Canada’s transport minister recently introduced a law that would ban most oil tankers from the north coast of B.C. and Haida Gwaii.
The bill would prohibit oil tankers from carrying crude and ‘persistent oils’ as cargo from stopping, loading or unloading at ports or marine installations. Anyone who defies the ban could face fines of up to $5 million.
Skeena-Bulkley Valley MP Nathan Cullen said the proposed legislation is the direct result of decades of hard work by northwest First Nations and communities to protect sensitive marine environments.
“Congratulations to everyone who has played a part in finally getting the federal government to understand the absolute need for a moratorium on tanker traffic and loading and unloading facilities at ports in northern B.C.,” said Cullen.
However, Cullen said “the devil is in the details,” saying the bill that is eventually placed before Parliament for a vote “must have the fingerprints of northwesterners all over it.”
“We’ll all be watching to make sure study of the proposed legislation is evidence-based and includes people in the northwest who understand the risks of tanker traffic and have the most at stake in seeing strong protection of our coastline,” he said.
Cullen said he looks forward to hearing expert testimony about the proposed bill, including testimony from people who live on B.C’s coast and Haida Gwaii.
Besides crude oil, the ban applies to a list of 14 persistent oils such as various bunker fuels, synthetic crude, slack wax and partially upgraded bitumen.
“They tend to sink, and there’s no way to remove them unless you do it manually,” explained Canada’s transport minister Marc Garneau.
“We’re very concerned about those kinds in particular, because of their effect on the environment.”
If science later shows that more types of oil should be added to the ‘persistent’ list, Garneau said the bill allows for it.
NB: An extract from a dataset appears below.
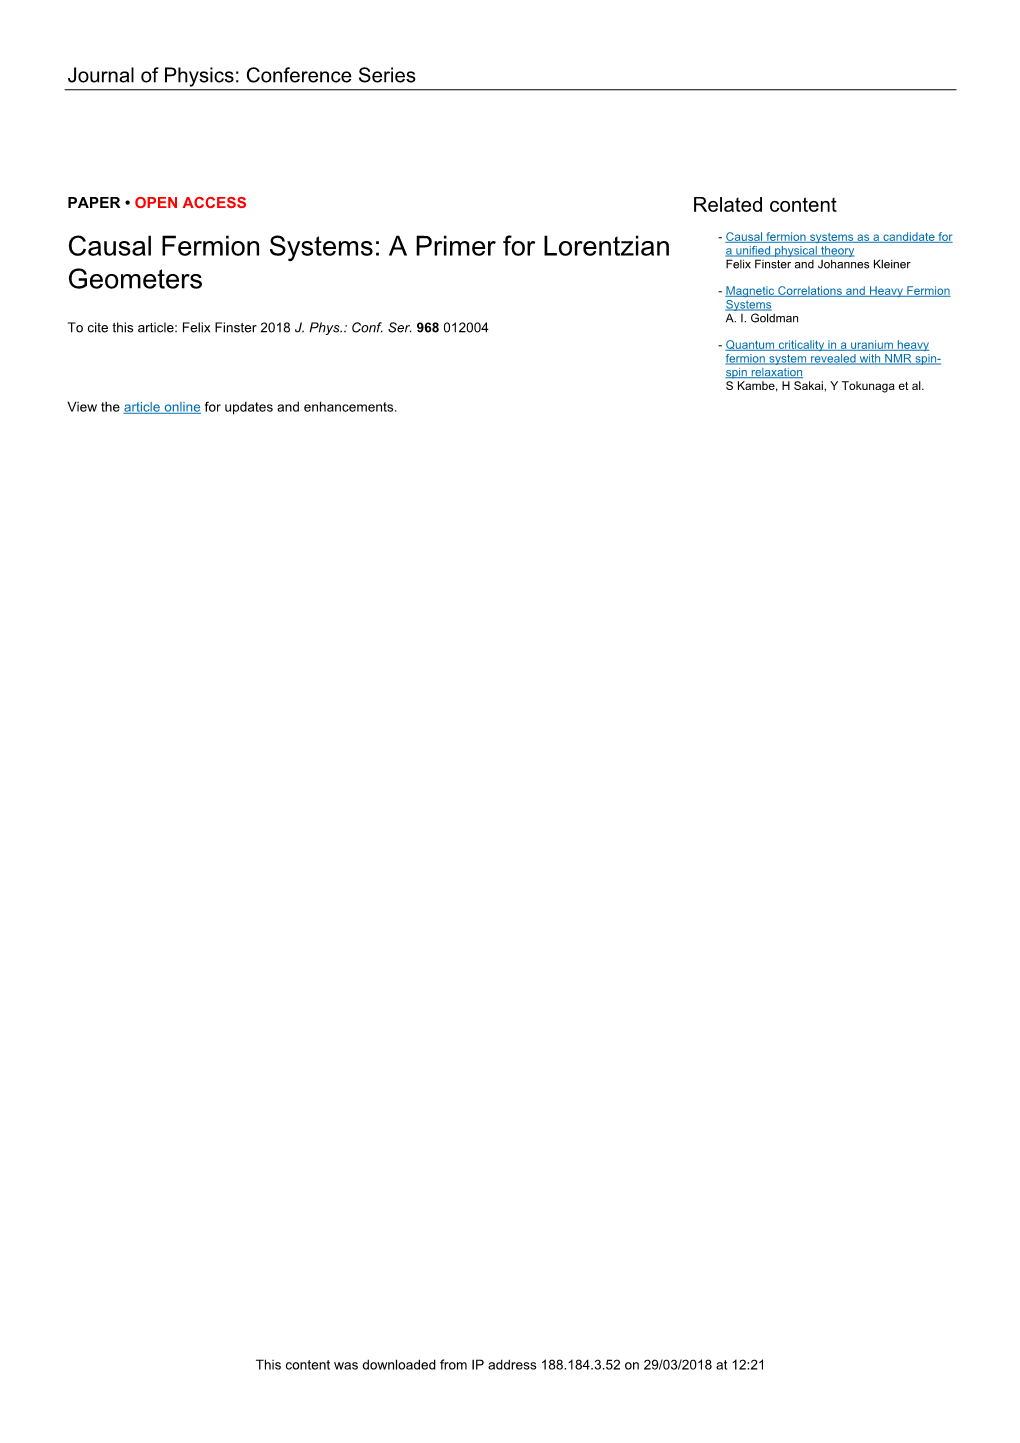 Causal Fermion Systems As a Candidate for Causal Fermion Systems: a Primer for Lorentzian a Unified Physical Theory Felix Finster and Johannes Kleiner

Likewise, he said oils could be removed from the list if new technology allows for their safe clean-up.
The proposed act does not ban bulk shipping of refined fuels that break up or evaporate in case of a spill such as gasoline, jet fuel or liquefied natural gas. Also, the proposed law exempts tankers that carry less than 12,500 metric tons of crude or persistent oil as cargo – an exemption intended to allow critical shipment of fuels, home-heating oil, and other goods to coastal communities and industries.